On Tue, Mar 4, 2014 at 11:09 AM, Emmanuel Bernard
<emmanuel(a)hibernate.org> wrote:
I would like to separate the notion of autosuggestion from the
wildcard problem. To me they are separate and I would love to Hibernate Search to offer an
autosuggest and spell checker API.
AFAICS from the changelog of each version, autosuggest is still a vast
work in progress in Lucene/Solr.
Back to wildcard.

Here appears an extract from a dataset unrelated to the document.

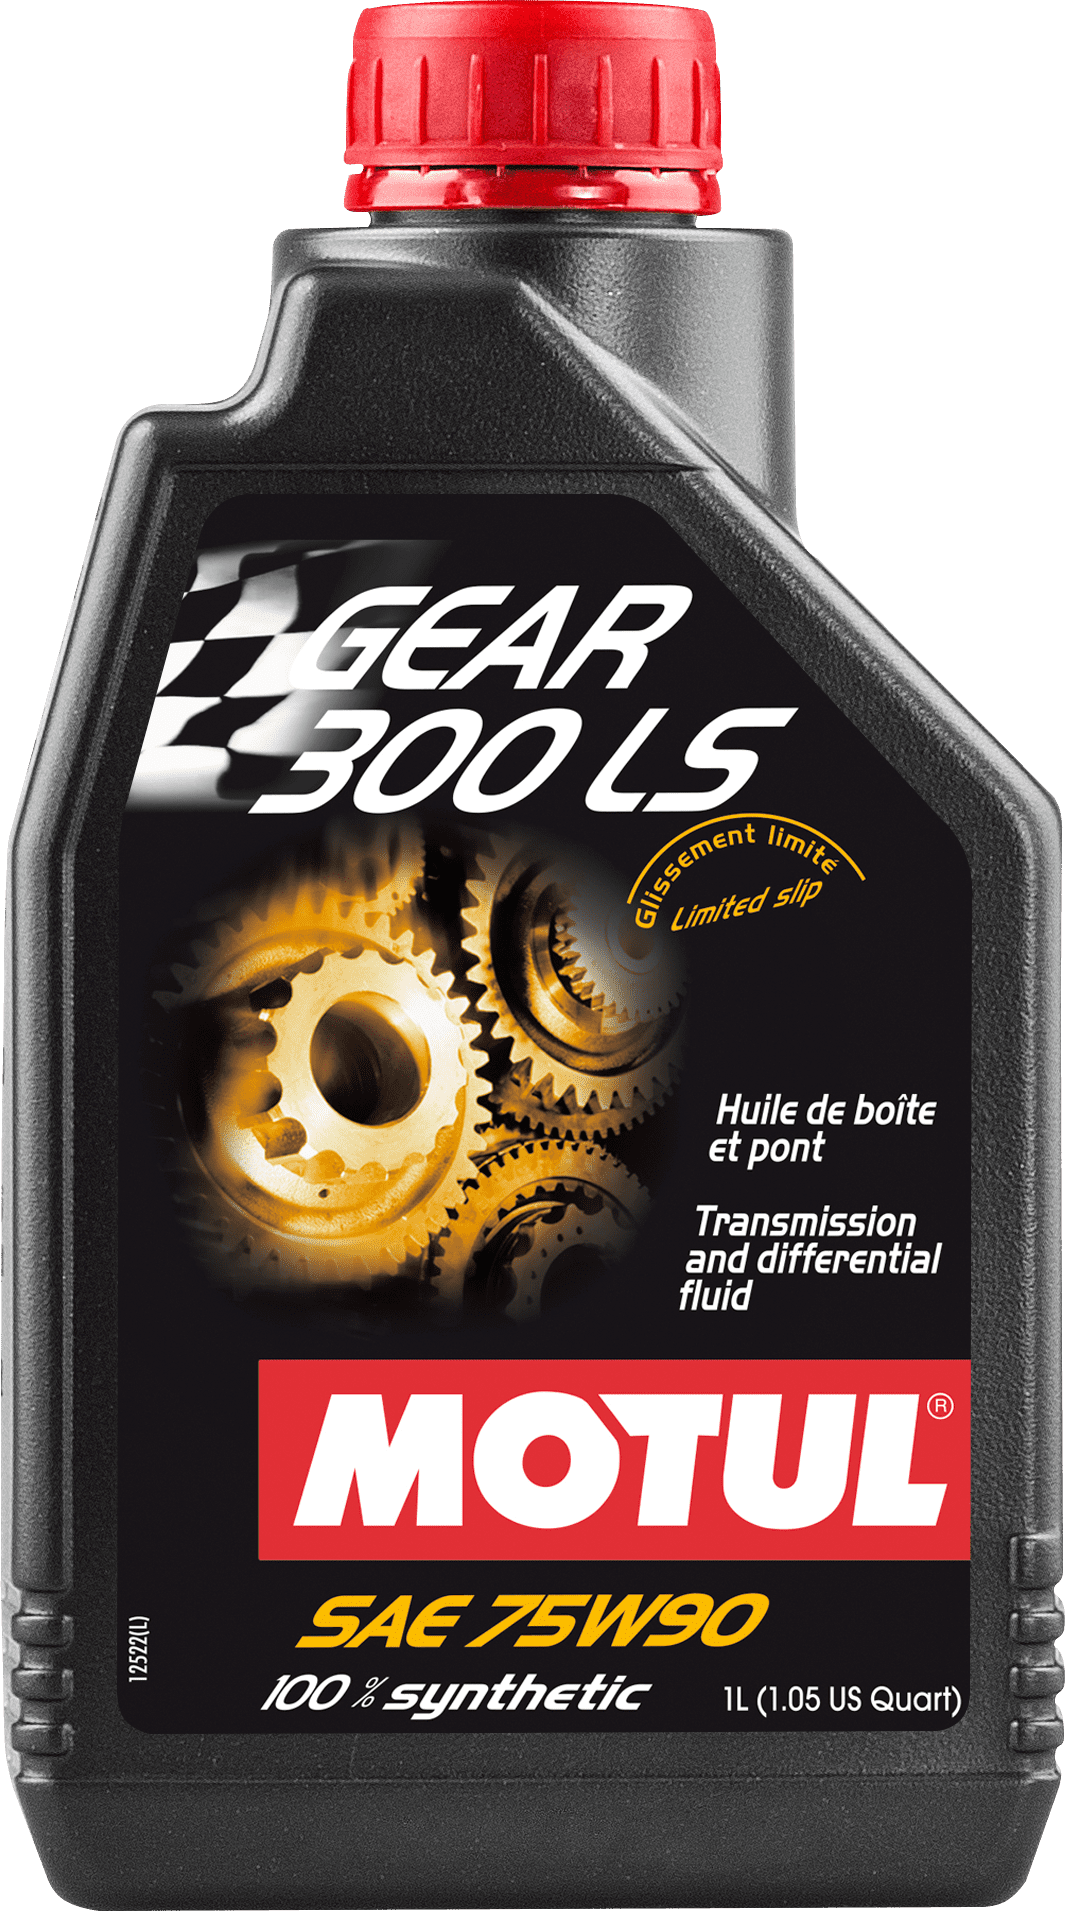 Motul Gear 300 LS 75W-90, 1 lt

If we have an analyser stack that separates
normaliser filters from filters generating additional tokens (see my email [AND]), then it
is piece of cake to apply the right filters, raise an exception if someone tries to
wildcard on ngrams, and simply ignore the synonym filter.
In theory, yes.
But for the tokenization, we use WhitespaceTokenizer and
WordDelimiterFilter which generates new tokens (for example, depending
on the options you use, you can index wi-fi as wi and fi, wi-fi and
wifi).
The problem of this particular filter is also that we put it after the
ASCIIFoldingFilter because we want the input to be as clean as
possible but before the LowerCaseFilter as WordDelimiterFilter can do
its magic on case change too.
If you separate normalizer from tokenizer, I don't think it's going to
be easy to order them adequately.